Among existing proposals, we chose to follow Tolin’s et al. (5) updated EST recommendations, due to their comprehensiveness in addressing all these above-mentioned aspects, being also adopted and promoted in research meant to impact future recommendation lists of psychological treatments for CMDs (13). The position of an approach within the clinical setting may thus be influenced by how empirical evidence fits these new EST criteria; unverified approaches risk being left behind. Assessment is based on the treatment’s effect on symptoms and individuals’ functioning, with maintenance for at least 3-months after the intervention. Recommendations categories (very strong, strong, or weak) are based on the quality of evidence rated by the Grading of Recommendations, Assessment, Development, and Evaluation (GRADE) system (14, 15). Priority is given to recent high-quality systematic reviews (preferably published within the last two-years) over single study tallies, accounting for treatment fidelity and contextual factors. Aligned with EBPP, the EST recommendations highlight the integration of best current evidence, clinician expertise, and patient values, by considering patient-relevant outcomes (functioning) alongside clinical-setting relevant ones (symptom change) with planned analyses of adverse events, cost-effectiveness, and mechanisms of change.

The mechanism of change in SFBT is centered around the co-construction of the client’s preferred future, existing strengths and resources, and observable micro-changes identified through analyses of progress or exceptions (instances when the problem is less intense or absent) (1, 2). In line with the main assumptions, the process of solution-building differs from problem-solving, and thus the focus goes beyond symptom modification. Clients are assumed to already possess solution-building capacities, the therapeutic process focuses on identifying and amplifying them. The therapist’s language has a central role, by intentional use of presuppositions of change while constructing each statement based on the client’s words (1, 2). Main techniques include: (i) goal negotiation and preferred-future descriptions (clarifying what the client expects to be different, presupposing that the therapy is helpful and describing in details the preferred future presupposing the fulfillment of the expectations), (ii) exception-eliciting questions followed by an amplification of what already works, (iii) scaling questions to track progress, confidence, and motivation towards change, and (iv) resource amplification and compliments to bring strengths into awareness and consolidate their use. Additionally, sessions can end with a structured end-of-session feedback with concrete between-session tasks. A meta-analysis of process-outcome studies (16) confirmed the relevancy of the proposed set of interventions including the specific use of language which was extensively examined in microanalysis research (17, 18).

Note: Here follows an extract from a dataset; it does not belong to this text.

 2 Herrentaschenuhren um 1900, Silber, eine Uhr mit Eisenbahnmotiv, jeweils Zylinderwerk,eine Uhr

Being a psychotherapeutic approach, the effect of SFBT was researched in relation to various internalizing, externalizing, school, social, work or couple issues. While such evidence is not needed by or in line with the theoretical background of SFBT, it has the potential to facilitate communication with experts from the medical, psychological, administrative and political field which still tend to use diagnostic categories as a frame of intervention. Many systematic reviews were already conducted, with findings consistently indicating a predominance of positive outcomes (3, 4). Clients reported significantly better results compared to no treatment or similar results to other well-known treatments for a wide variety of emotional, behavioral, relational or functional outcomes. Better results were observed in non-randomized naturalistic studies than in controlled conditions especially among individuals without a formal diagnosis (3). This difference may be due to treatment modality, as individual intervention specific to the clinical setting was associated with lower effects compared to group intervention specific to non-clinical setting (4). Nevertheless, a detailed examination of SFBT effect and mechanism of change in the context of CMDs is yet to be performed.

2 Objectives

The aim of the currently proposed systematic review is to evaluate the empirical support of SFBT for CMDs in line with Tolin et al.’s (5) criteria for EST. Specifically, we plan to systematically review and evaluate:

● the clinical meaningful effect of SFBT on CMDs symptoms and its maintenance for at least 3-months after treatment;

● the clinical meaningful effect of SFBT on psychosocial functioning of individuals diagnosed with CMD and its maintenance for at least 3-months after treatment;

● the mechanisms of change and key therapeutic factors contributing to SFBT outcomes;

● the cost-effectiveness of SFBT and potential adverse effects.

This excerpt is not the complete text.